Are vertices of each LOD version always loaded into VRAM?
I know many game engines have a LOD feature for mesh vertices and textures.
I'm just wondering if all vertices and textures of all(each) LOD versions are always loaded in VRAM or are they loaded at the time each LOD version is selected.
1 Answer
Many game engines have texture streaming, which means that not all mip levels of each texture are loaded at all times. The game engine will track which textures are in view and how close up they are seen, and will dynamically load and unload mip levels in an attempt to provide enough detail for the current view, while staying within a fixed VRAM budget.

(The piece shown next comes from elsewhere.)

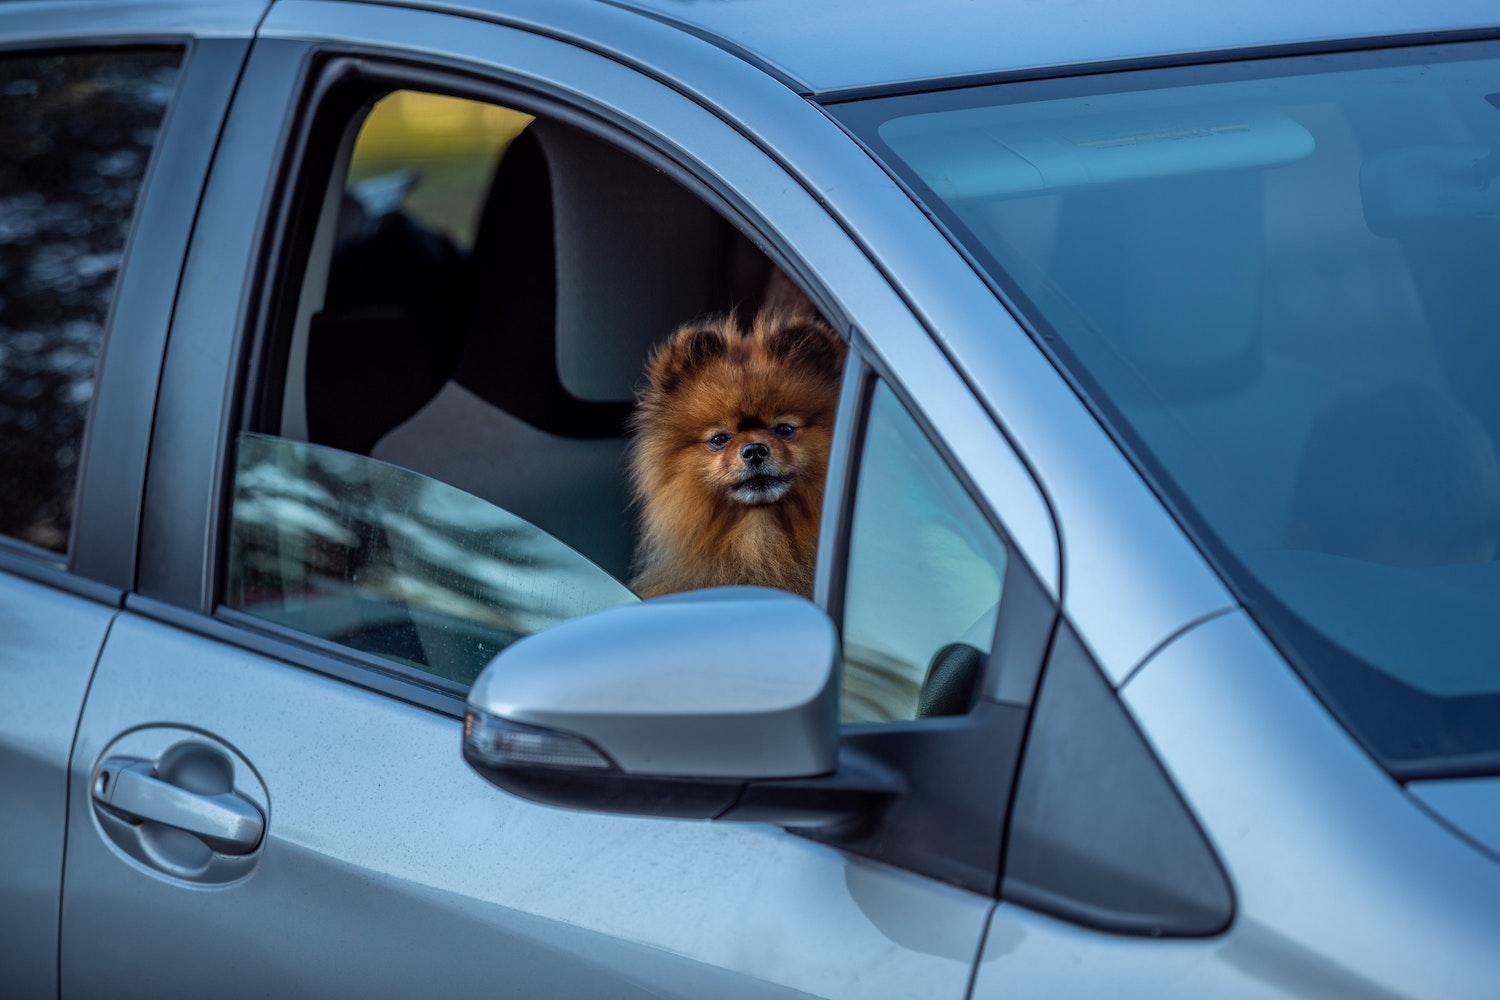 unrestrained dog in car

This is done because typically with AAA game content on a consumer GPU, there is not enough VRAM to load all mips of all textures at once. Usually, the highest few mip levels (low resolutions) of all textures are loaded all the time, and the lower mips (high resolutions) are streamed.
Some game engines also have mesh LOD streaming, though it is less common. Mesh data (vertices and indices) typically takes up much less VRAM than textures, so there is less impetus to do mesh LOD streaming. Still, with highly detailed meshes, the most detailed LODs can be a substantial size and it can make sense to stream those. This can be done analogously to how texture mip levels are streamed.
There is also UE5 Nanite which uses a cluster-based LOD system and streams trees of clusters instead of whole mesh LODs.